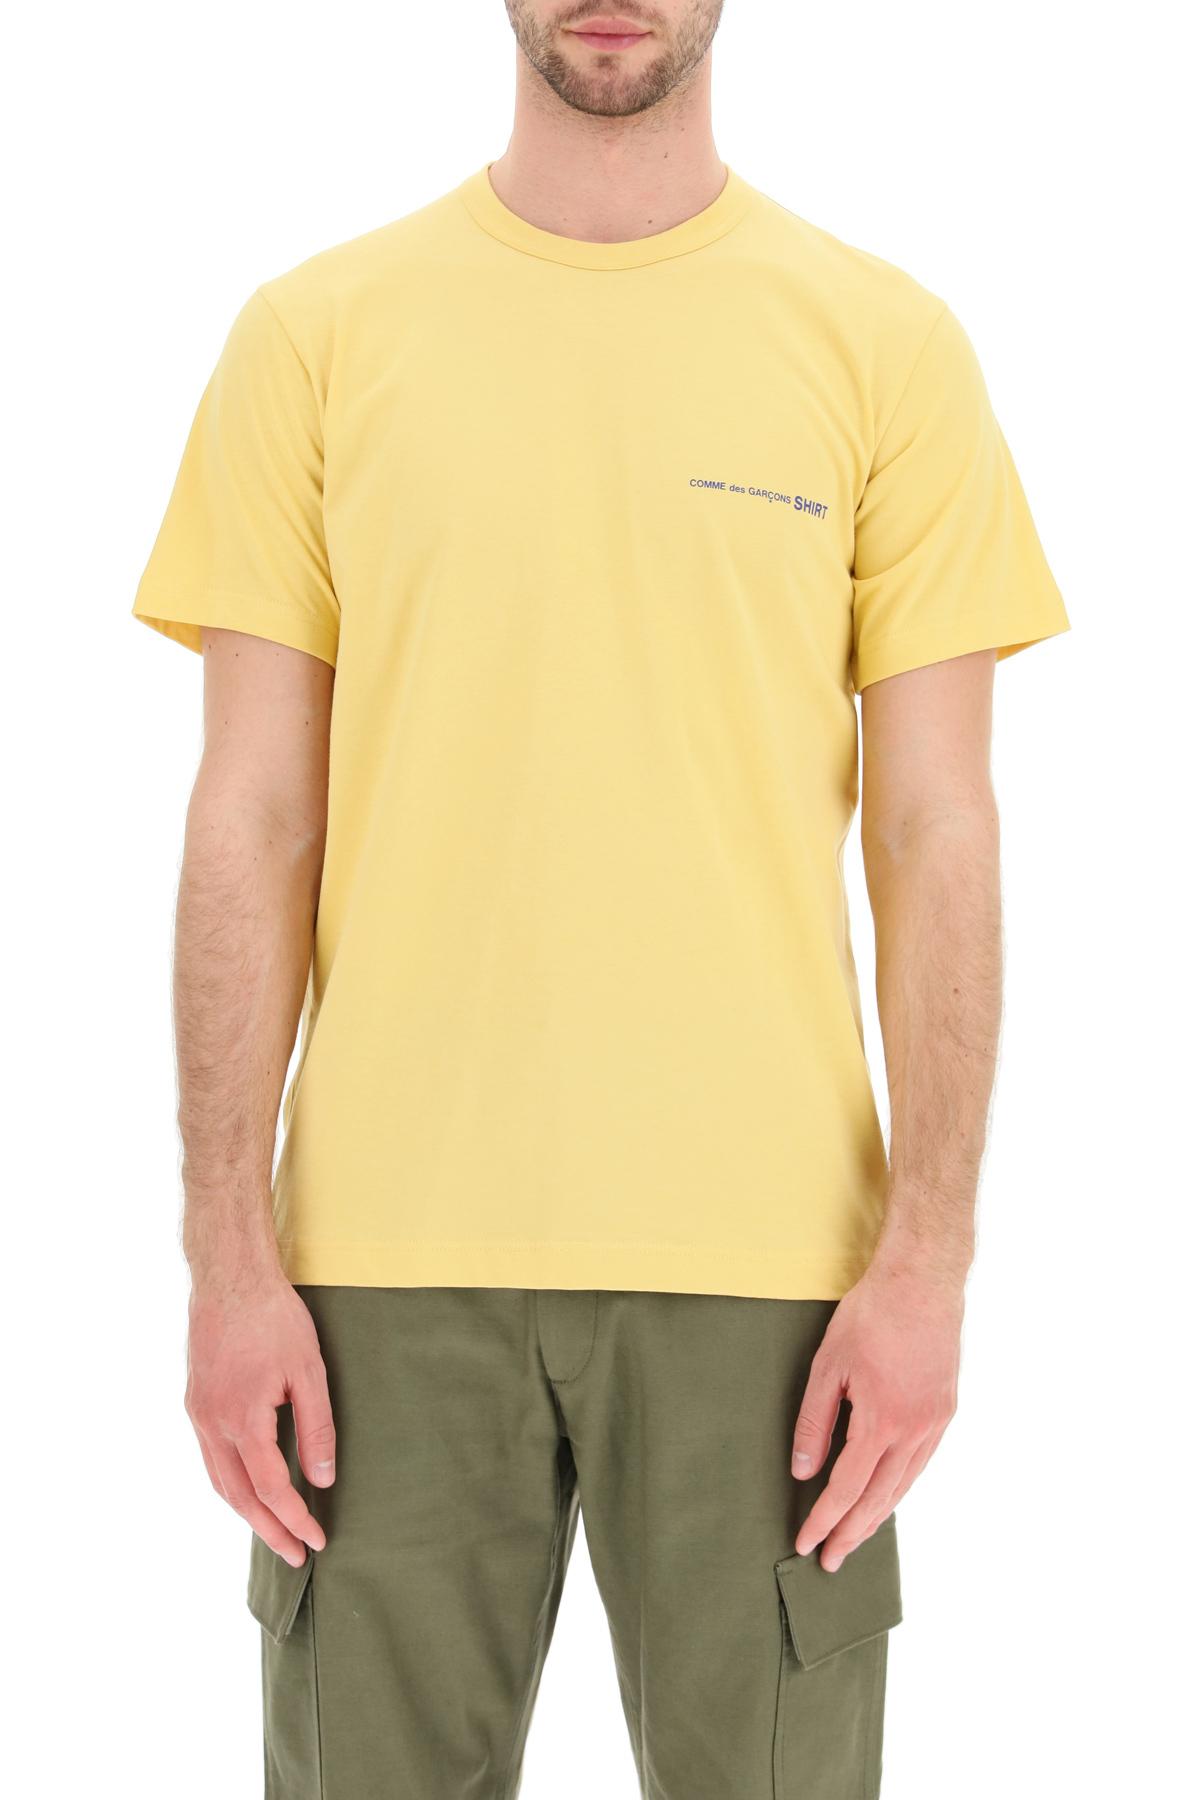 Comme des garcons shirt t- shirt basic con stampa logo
----------------------------------------
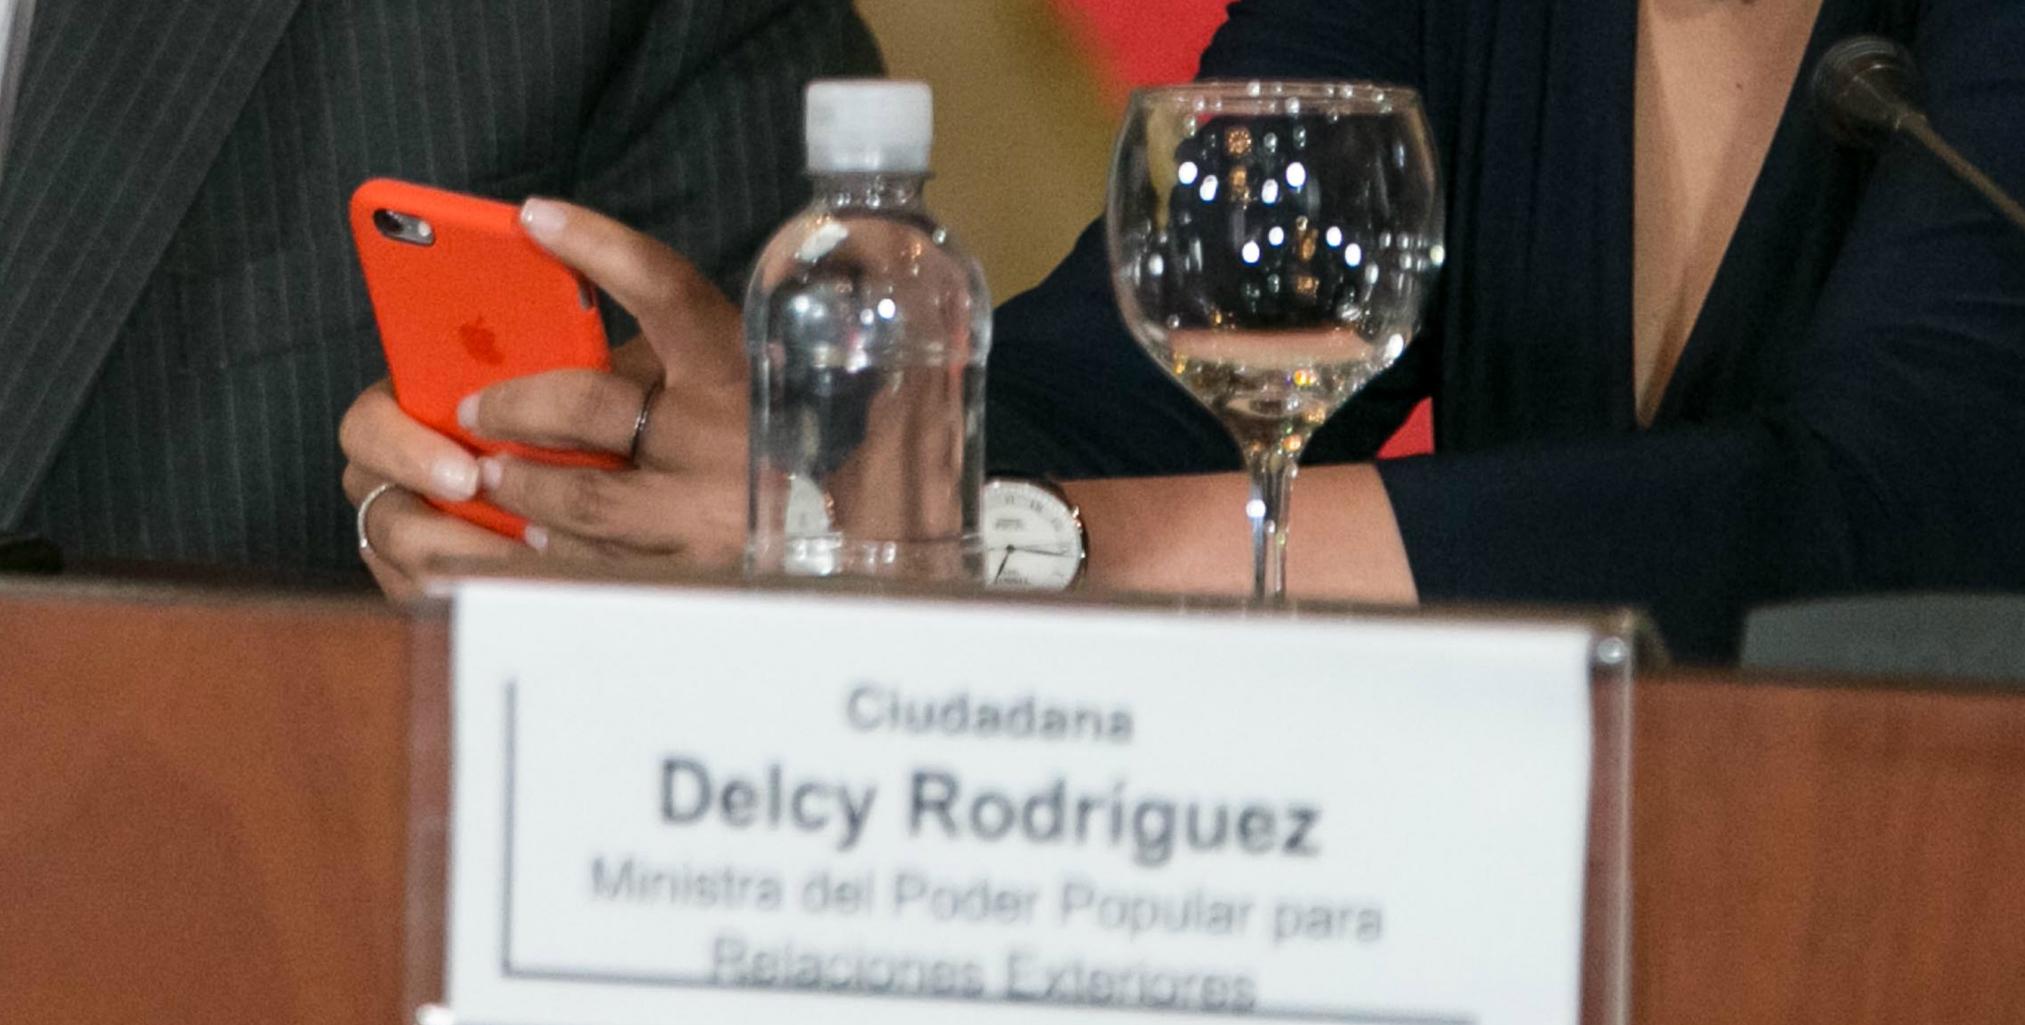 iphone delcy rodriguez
----------------------------------------
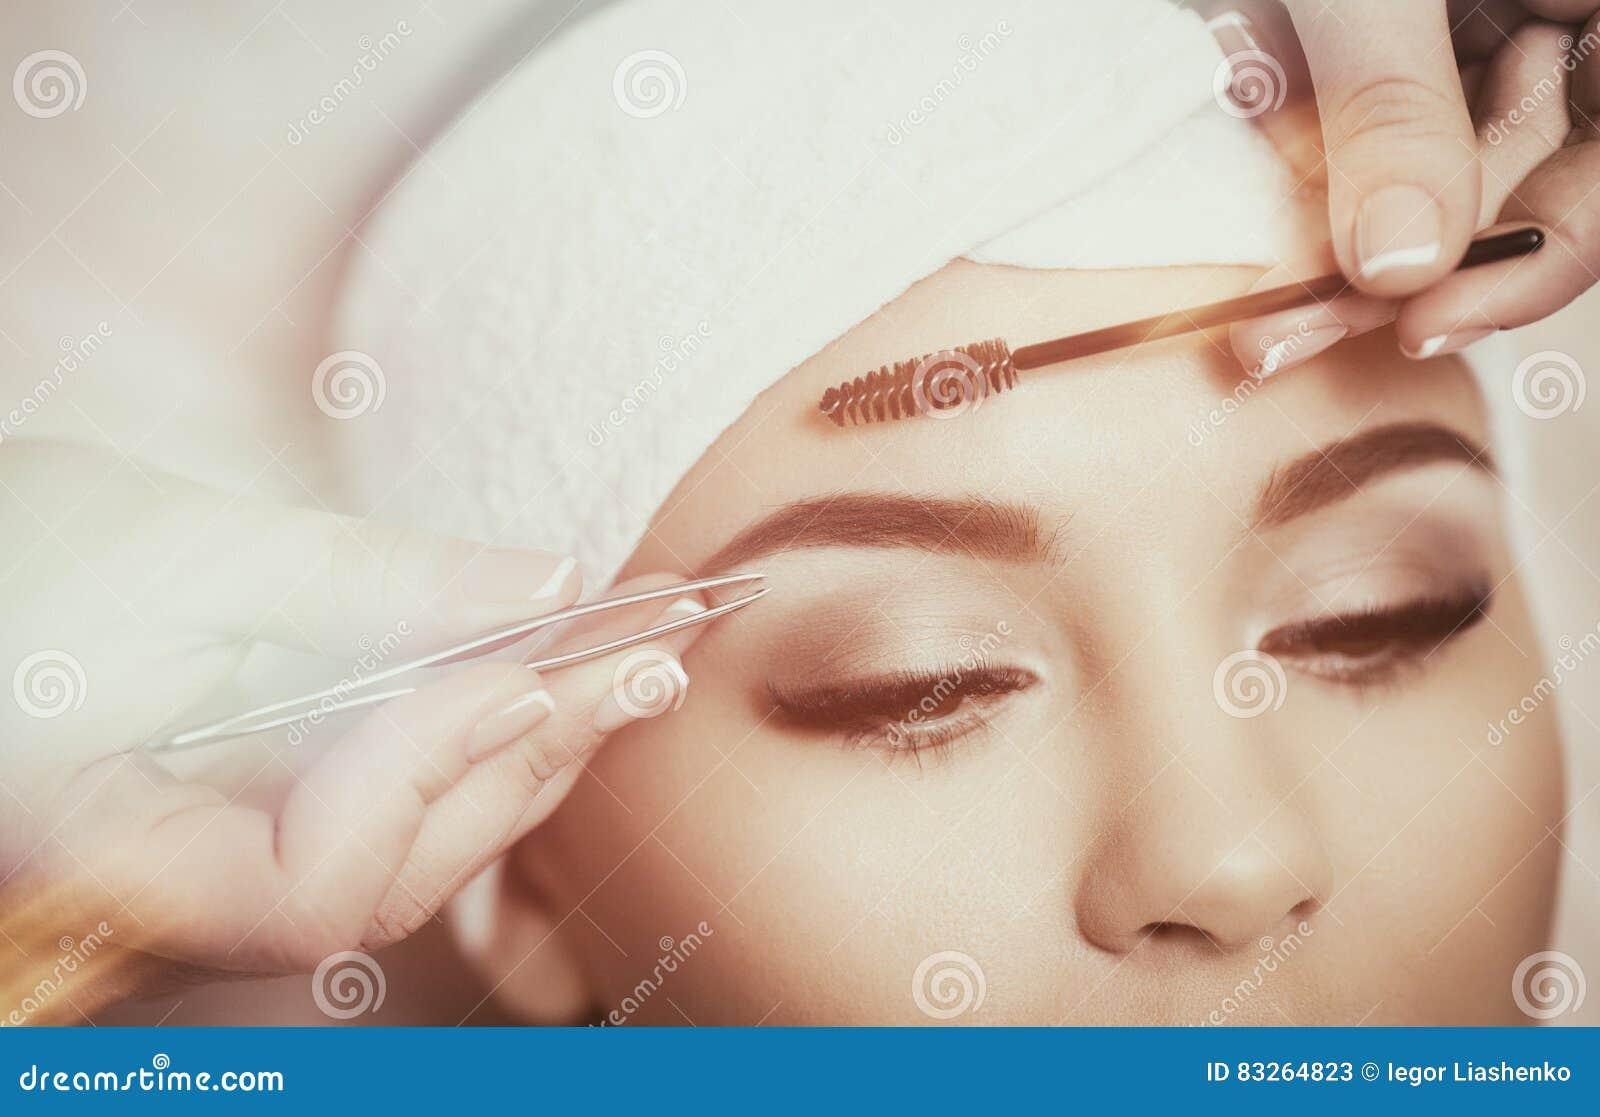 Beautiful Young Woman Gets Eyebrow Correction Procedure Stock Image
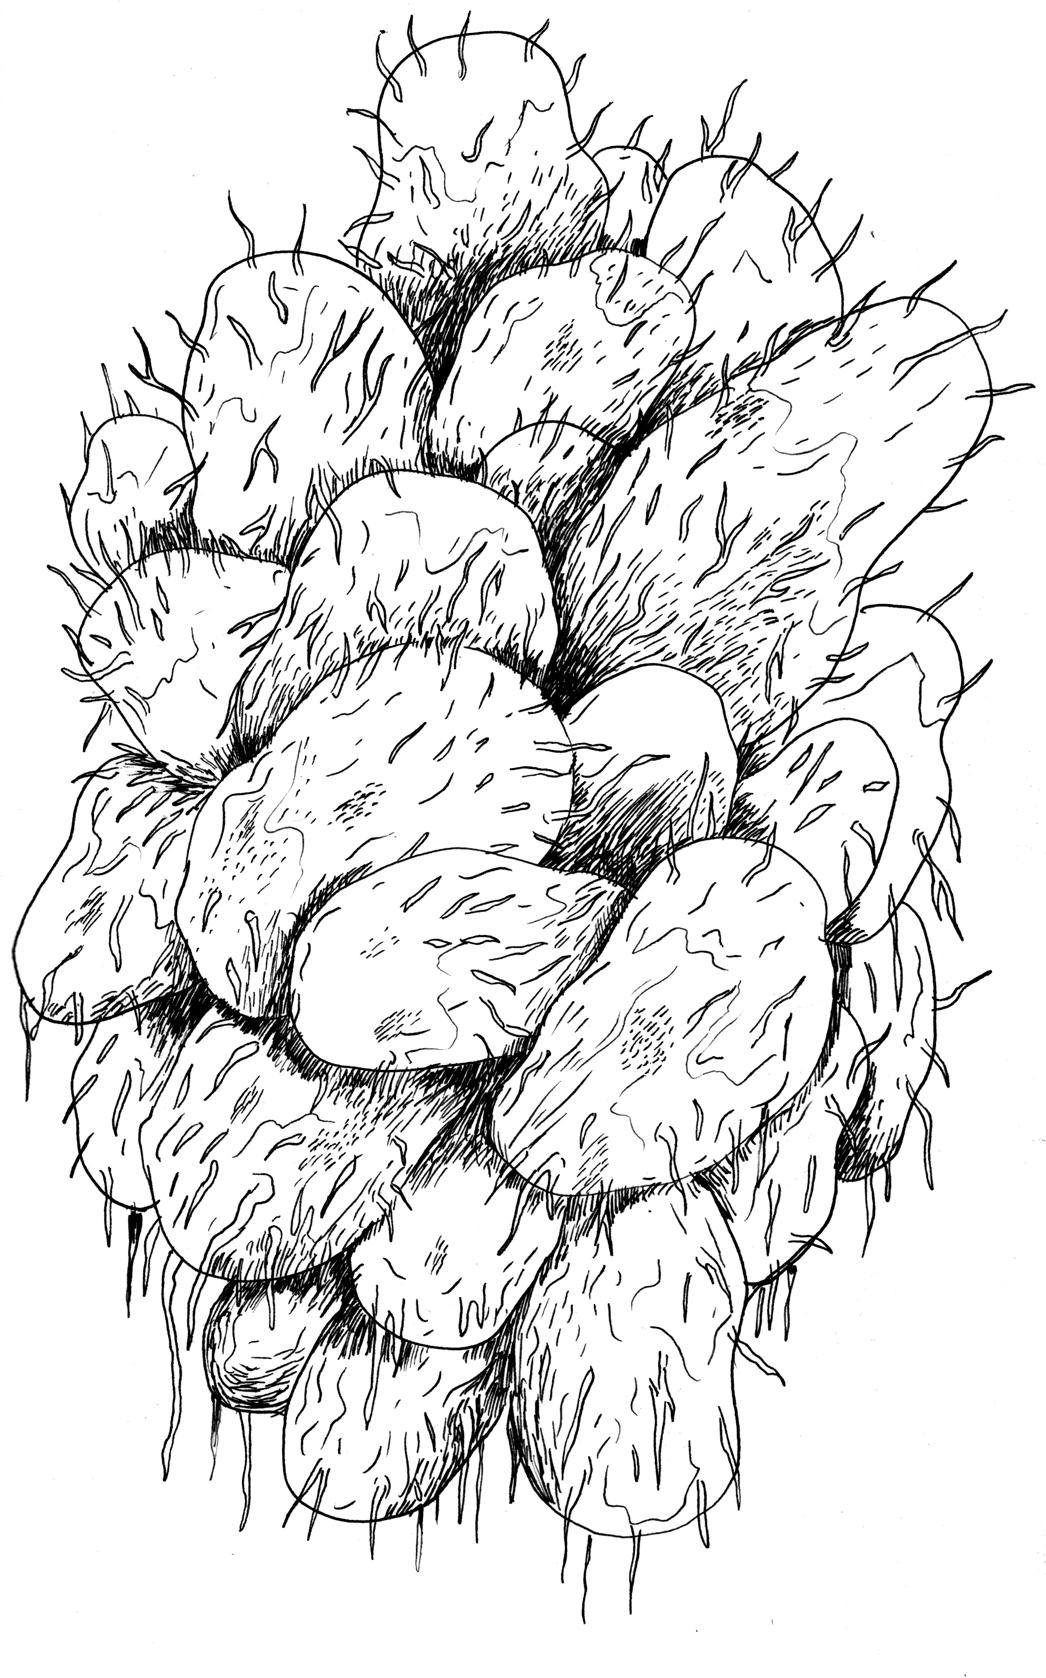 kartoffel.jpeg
----------------------------------------
__PROBLEM DESCRIPTION__
Transcribe only the lines above that start at the line containing "Beautiful Young Woman" and end at the line containing "kartoffel.jpeg". Omit pictures.

__SOLUTION__
 Beautiful Young Woman Gets Eyebrow Correction Procedure Stock Image
 kartoffel.jpeg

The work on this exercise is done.